Home Depot tried unsuccessfully to purchase some of the fraudulent credit cards from the website, but the site crashed as law-enforcement agencies, banks and criminals all tried to get their hands on them.

By Day 2, the company's security consultants had acquired batches of credit cards, and they began visiting stores in Atlanta and Austin to try to determine usage patterns. Four days after the company had been alerted, Home Depot's investigators discovered evidence that malware had been deleted from a store computer. The company was able to confirm a breach, but it couldn't be sure its critical business information was out of danger. An IT employee bought two dozen new, secure iPhones and MacBooks for senior executives, who referred to their new devices as "Bat phones."

At one point, a security consultant identified a computer at a store in Watertown, Mass., that he thought could be "patient zero," the malware's entry point. The team took the company plane to retrieve the computer, strapping it to an airplane seat as if it were a passenger and extracting data on the flight back to Atlanta. But the computer turned out to be a red herring. Instead, patient zero turned out to be a server at a store south of Miami.
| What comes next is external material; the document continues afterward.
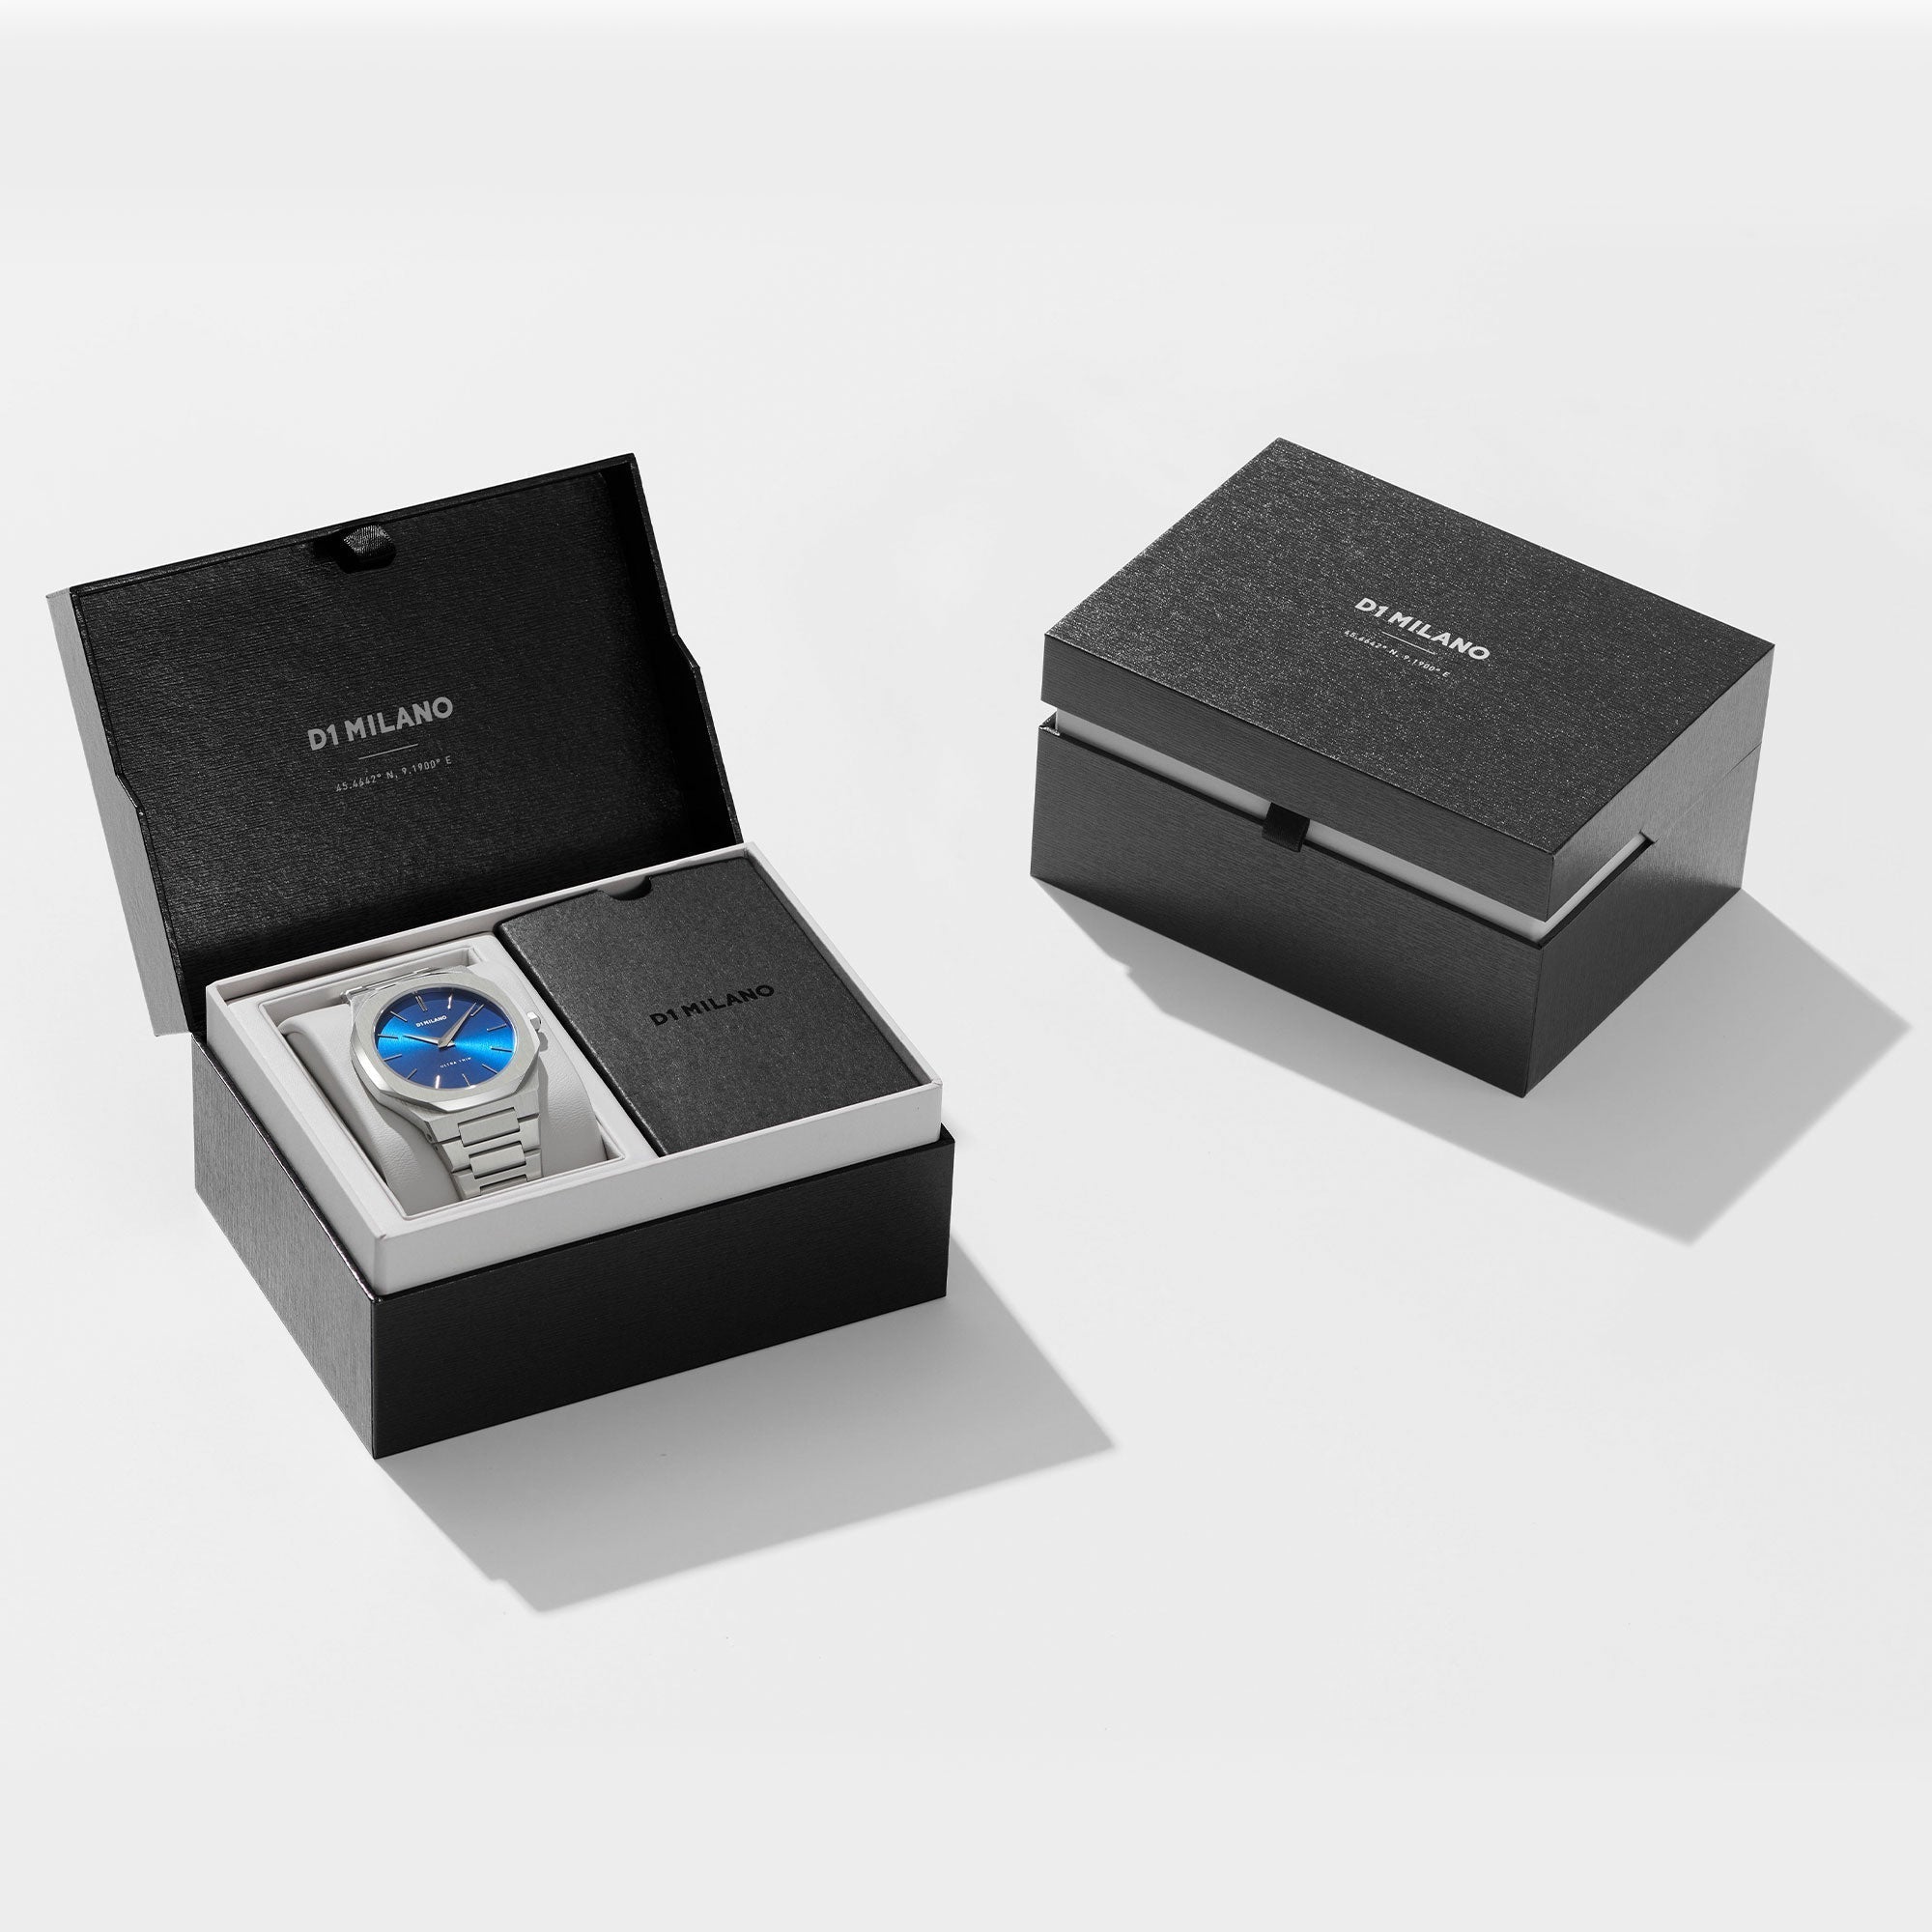 D1 Milano Ultra Slim 40mm Geo Watch-Quartz Watches-PEROZ Accessories
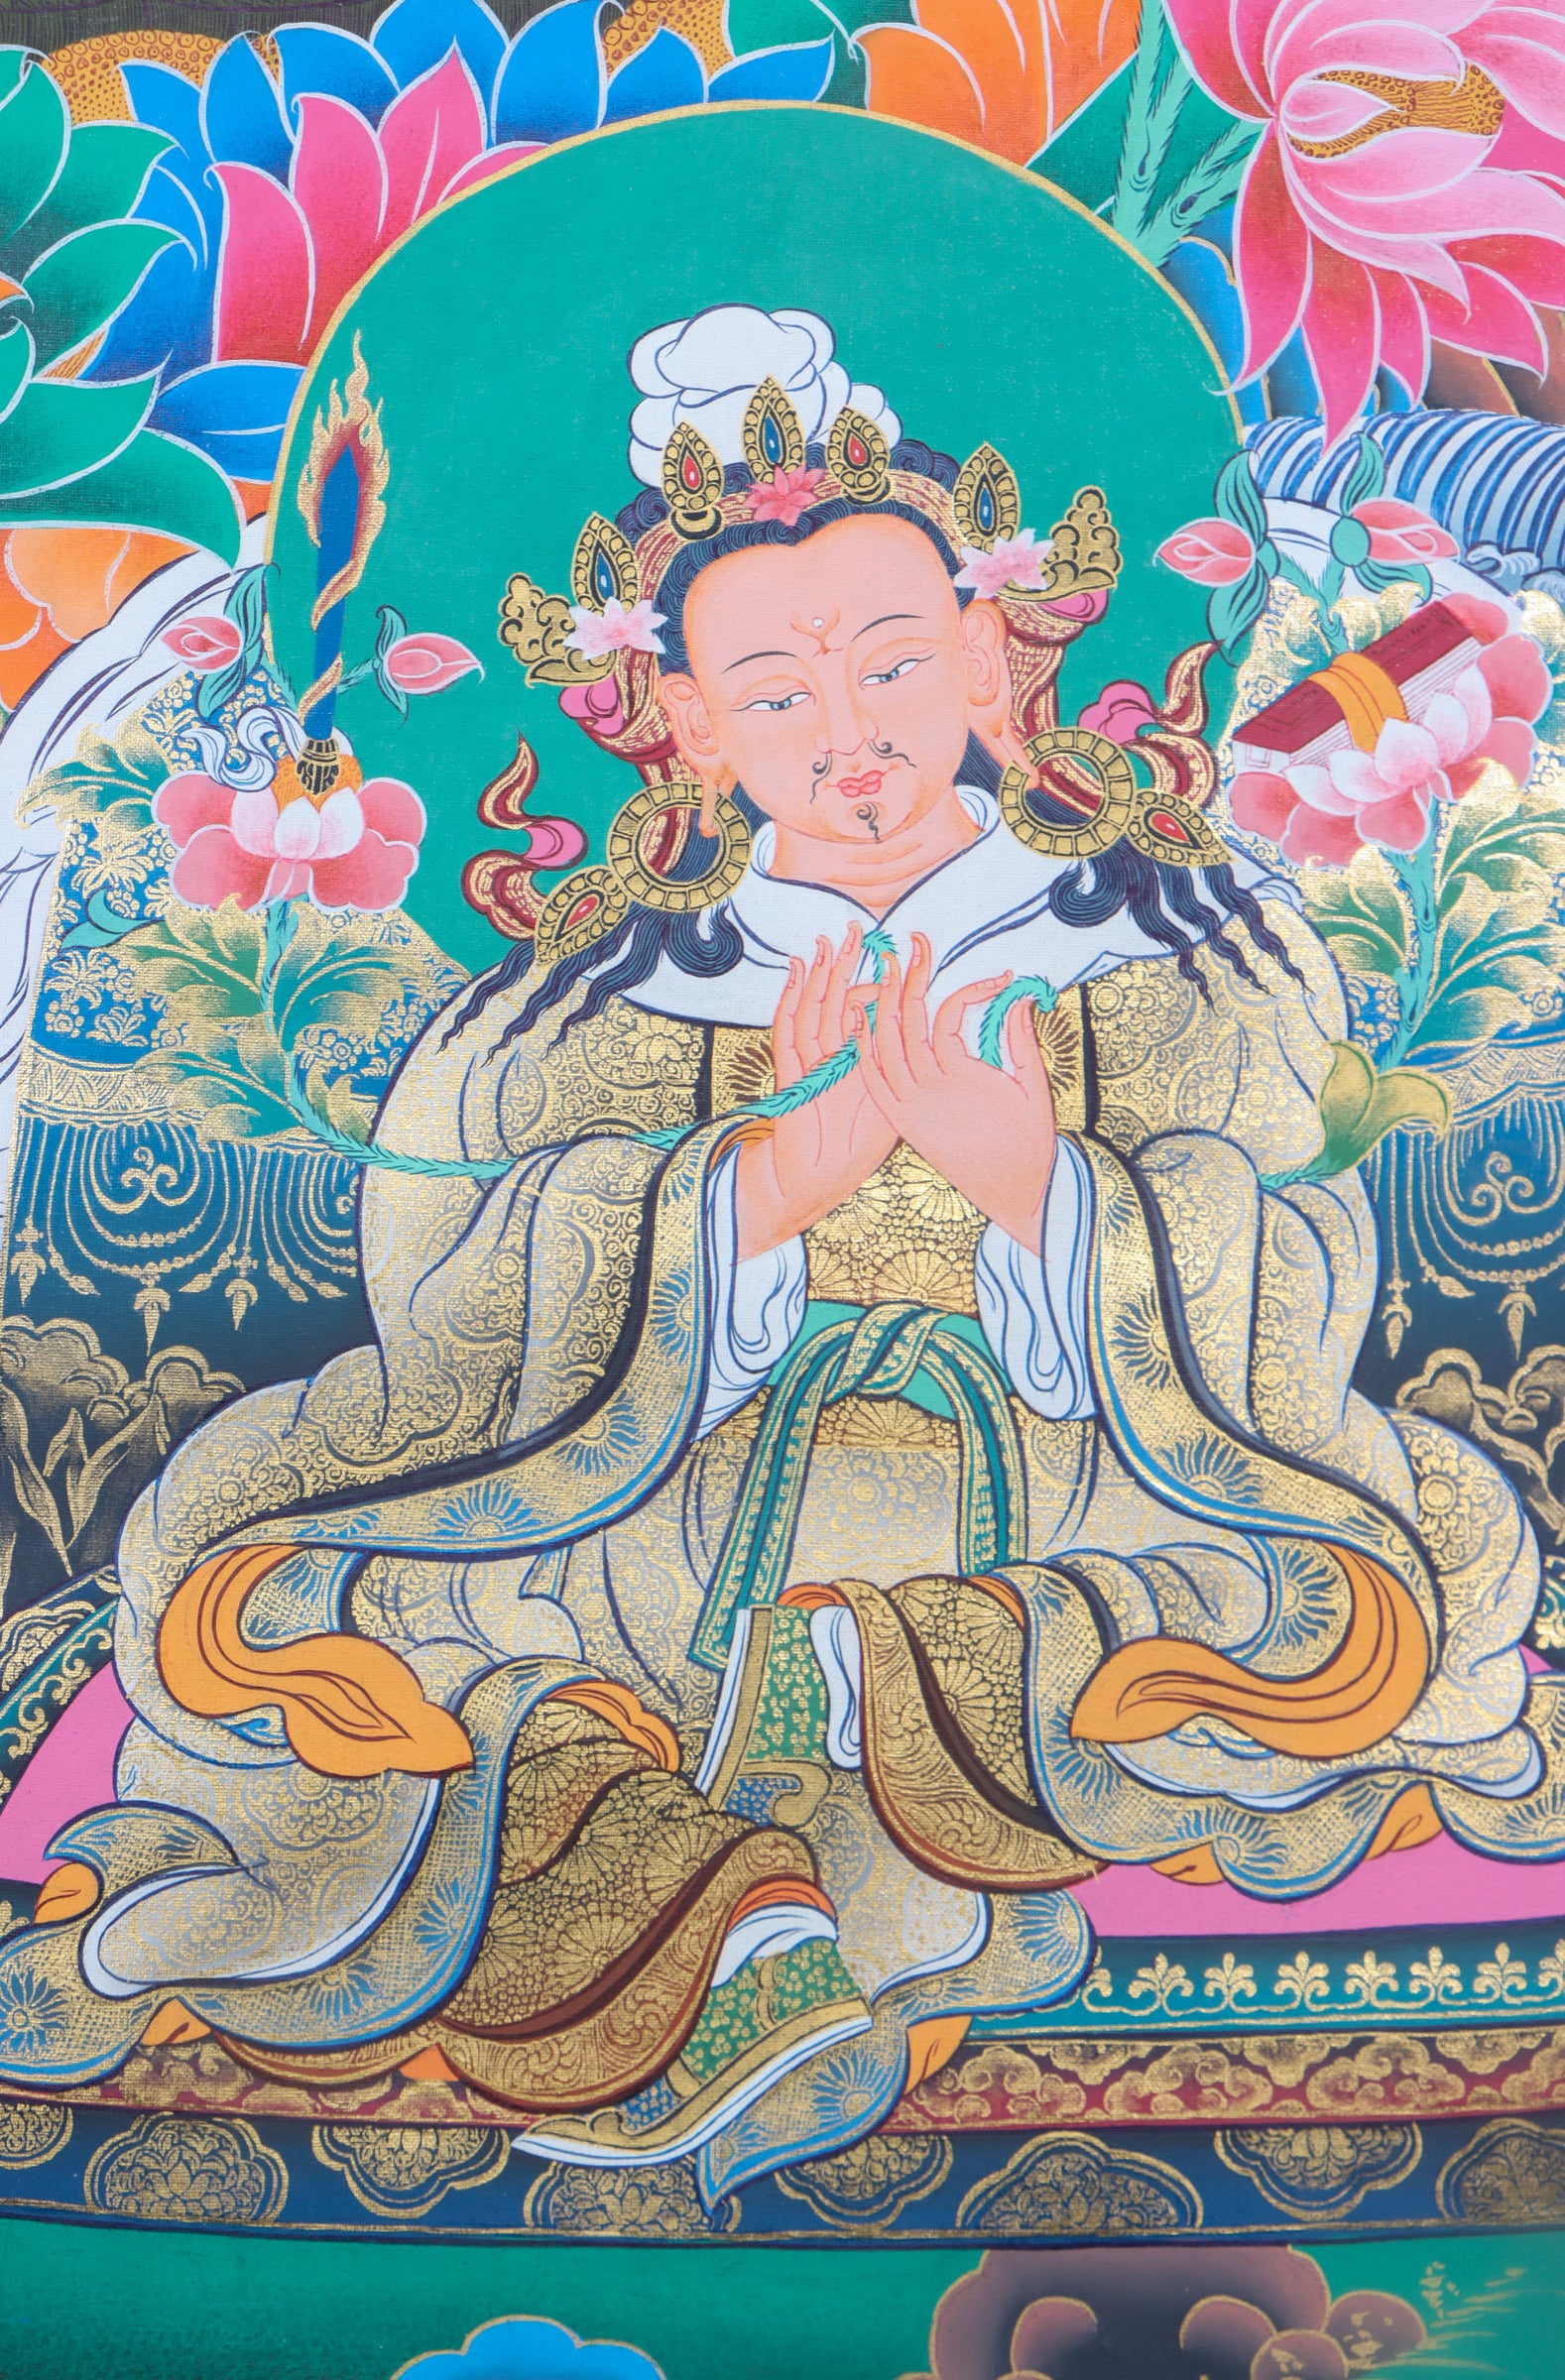 Guru Rinpoche Thangka Painting for enlightment.

The attack caught a company that had just gone through several years of upgrades to computer systems that Mr. Blake acknowledges were desperately out of date. Following the holiday season attack on Target, the company gave the green light to a project that would fully encrypt card data at the payment terminal, making it harder for hackers to use. But it took months to get the project rolling, people familiar with the matter said, and the deployment wasn't finished until September.

Around the time the hackers were moving undetected into the company's systems in April, Home Depot was putting the finishing touches on a 45-page playbook on how to respond to a hack.

The playbook was pulled together after a January exercise in which executives picked apart what they knew about the cyber heist at Target. It was replete with specific media talking points to address a variety of scenarios, sample letters to customers and law enforcement, and task lists outlining executive responsibilities, according to a document reviewed by The Wall Street Journal.

"The irony was not lost on us," said Mr. Blake, who remains chairman of Home Depot's board of directors. "We believed we were doing things ahead of the industry. We thought we were well-positioned."